▶ **WHAT NEEDS TO BE DONE**:
Once the line with "18 Flattering Beige" is found, repeat it and all later lines exactly through the end of the listing below, with the pictures left out.

▶ **GIVEN INFORMATION**:
=== Section Start ===
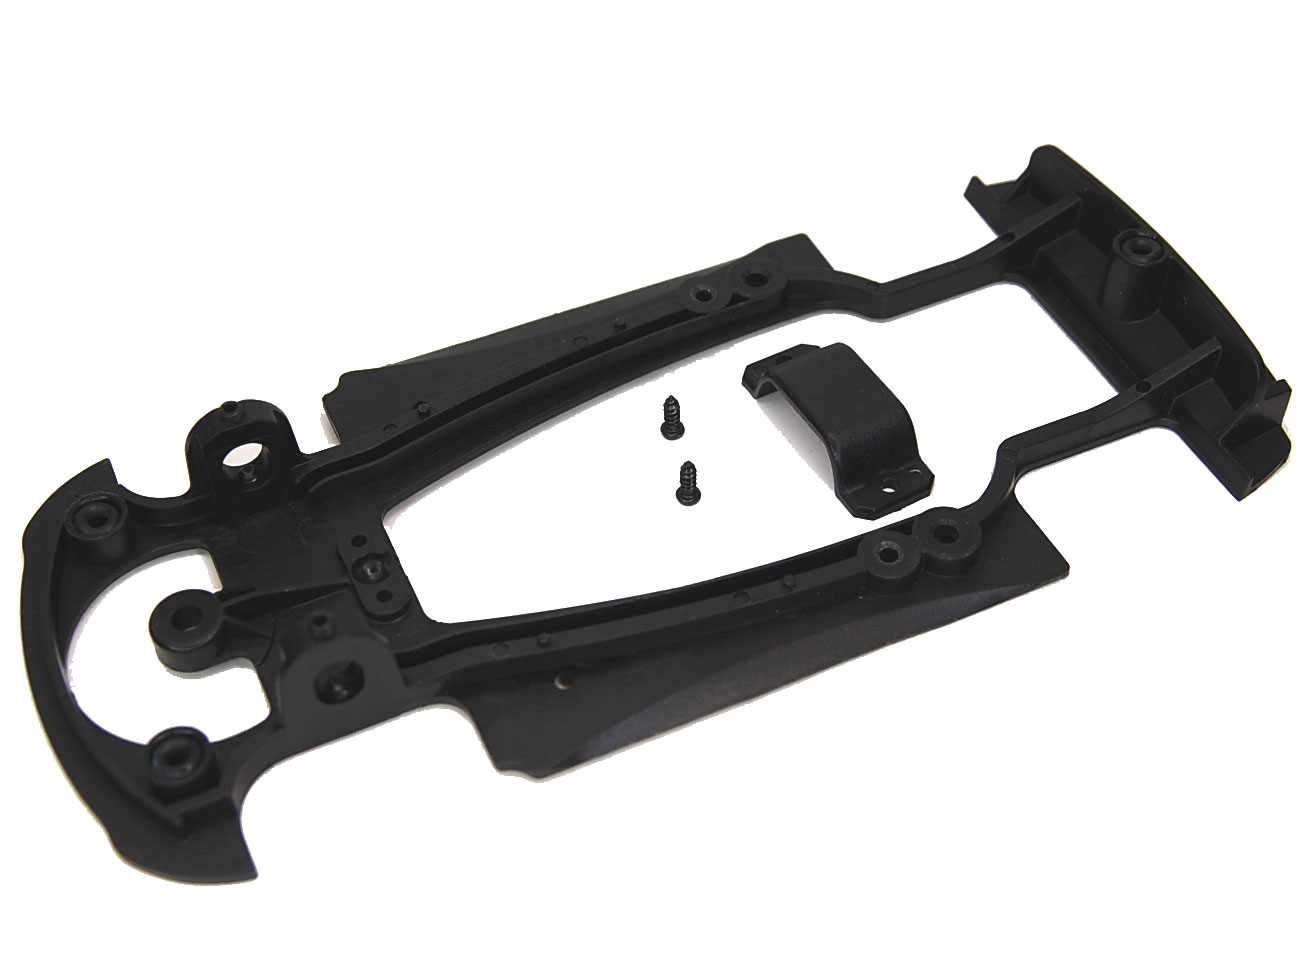 S-043 Chassis Renault Megane with Motor strap and screws
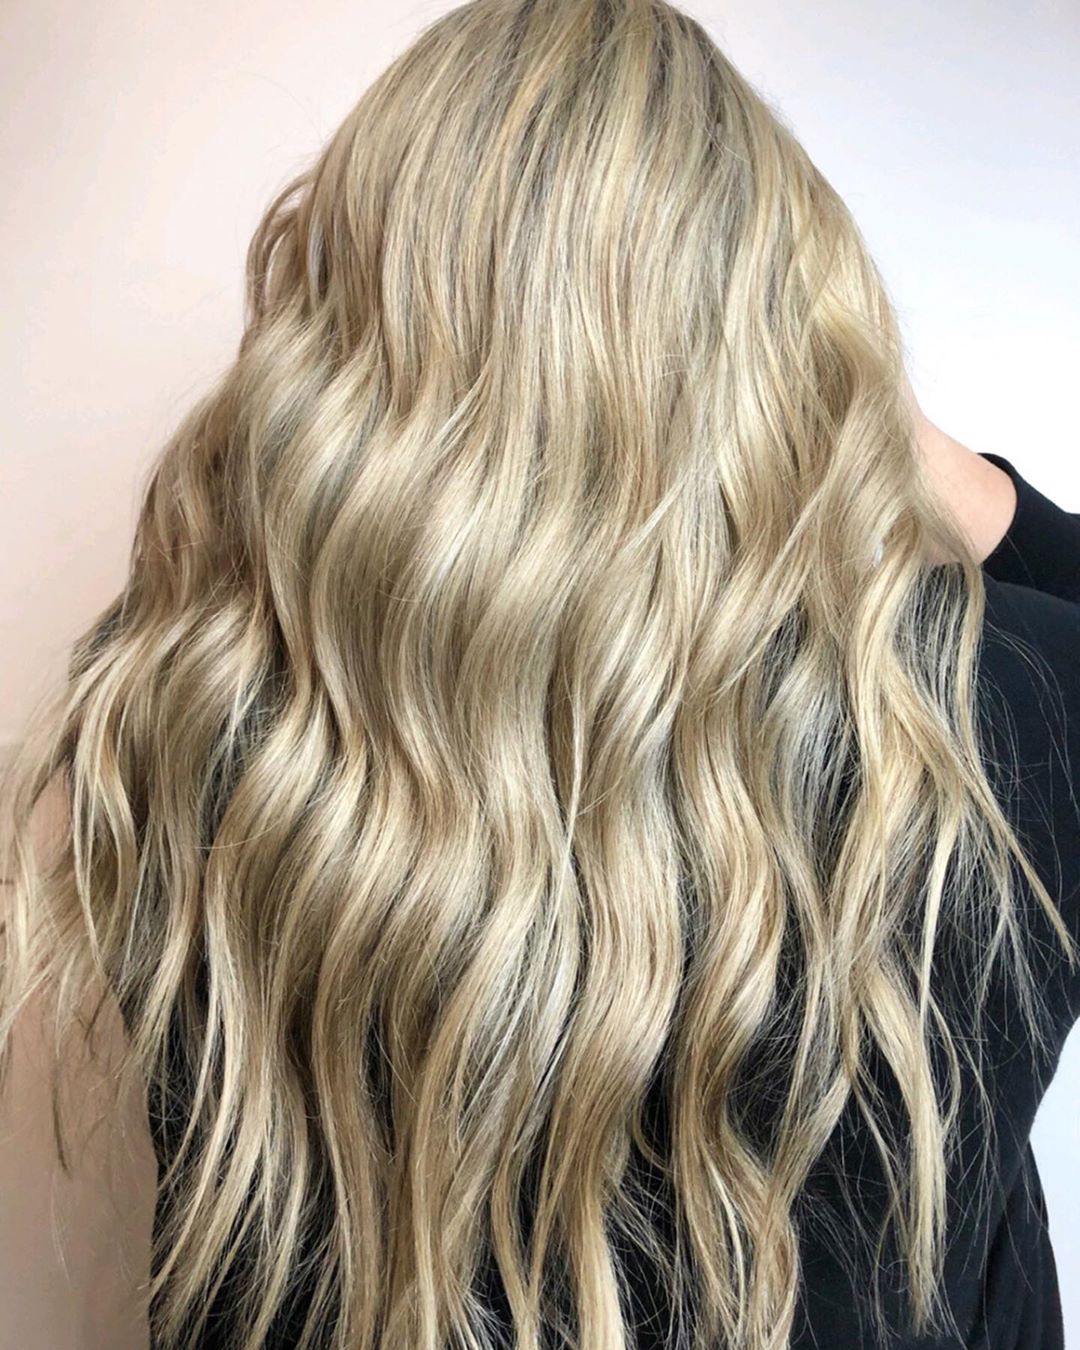 18 Flattering Beige Blonde Hair Color Ideas for Every Skin Tone
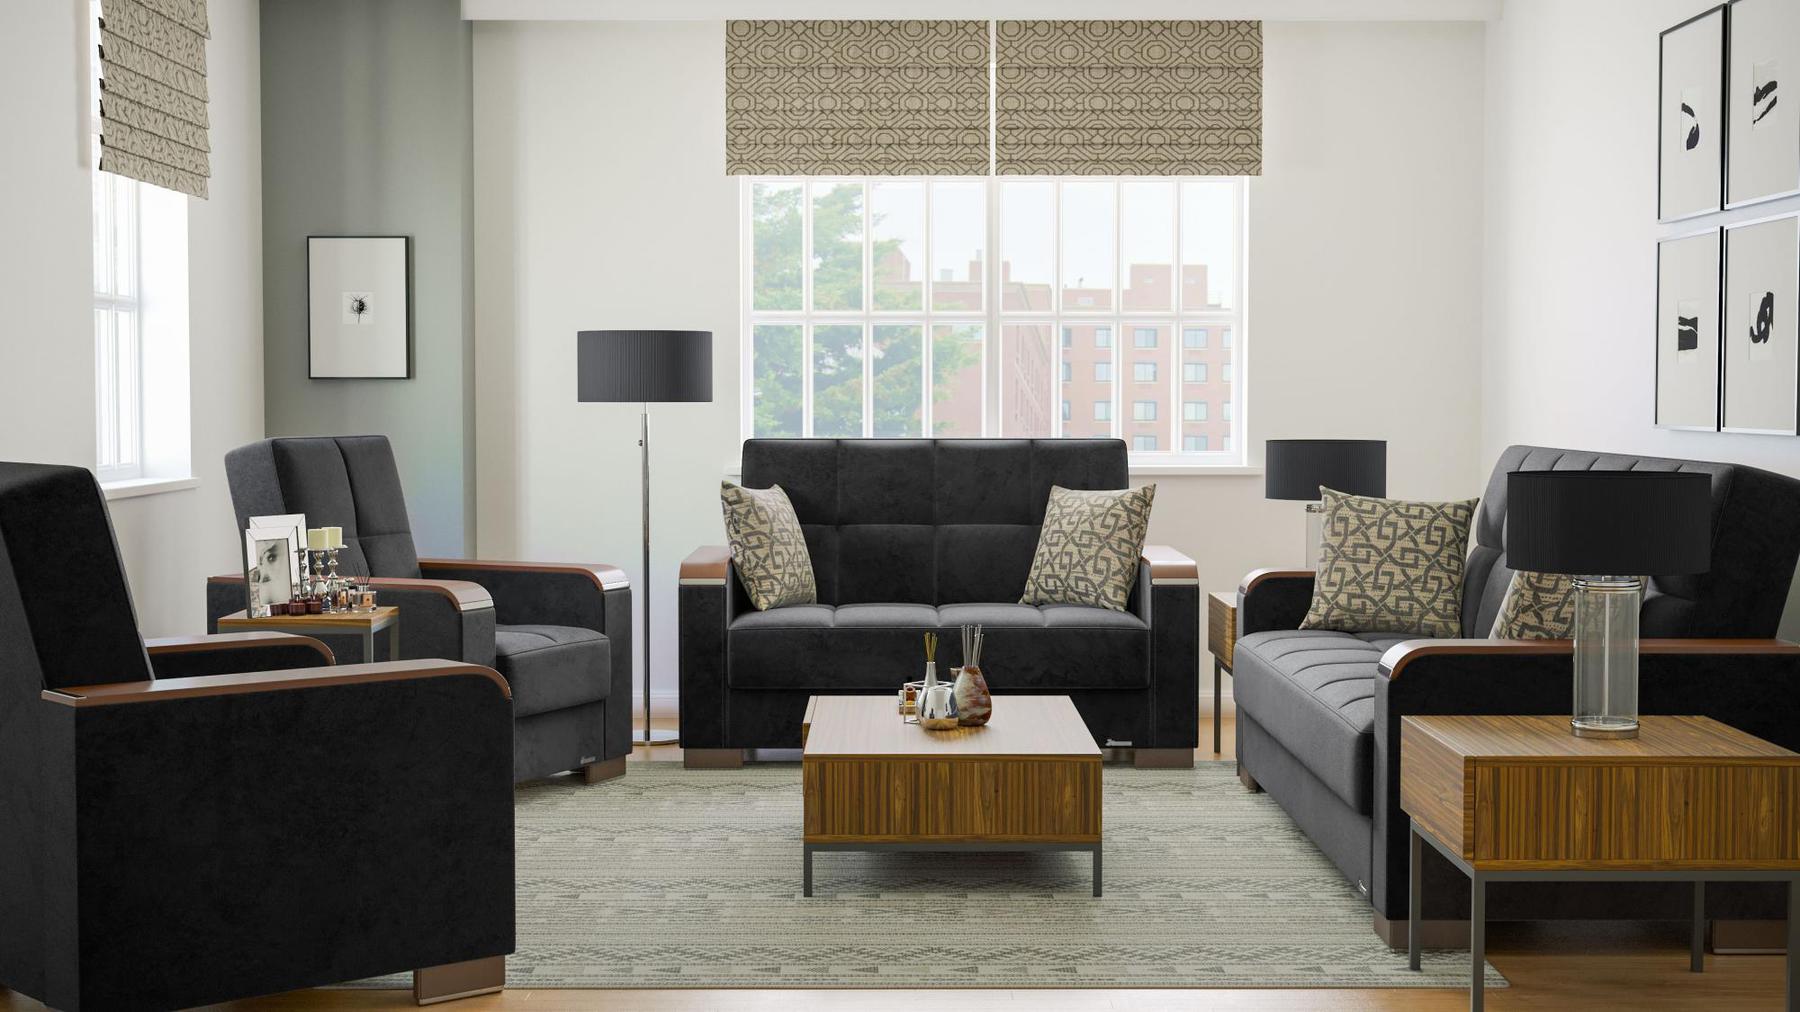 Modern design, Black , Microfiber upholstered convertible sleeper Loveseat with underseat storage from Voyage Luxe by Ottomanson in living room lifestyle setting with the matching furniture set. This Loveseat measures 67 inches width by 36 inches depth by 41 inches height.
=== Section End ===
▶ **WORKED SOLUTION**:
 18 Flattering Beige Blonde Hair Color Ideas for Every Skin Tone
 Modern design, Black , Microfiber upholstered convertible sleeper Loveseat with underseat storage from Voyage Luxe by Ottomanson in living room lifestyle setting with the matching furniture set. This Loveseat measures 67 inches width by 36 inches depth by 41 inches height.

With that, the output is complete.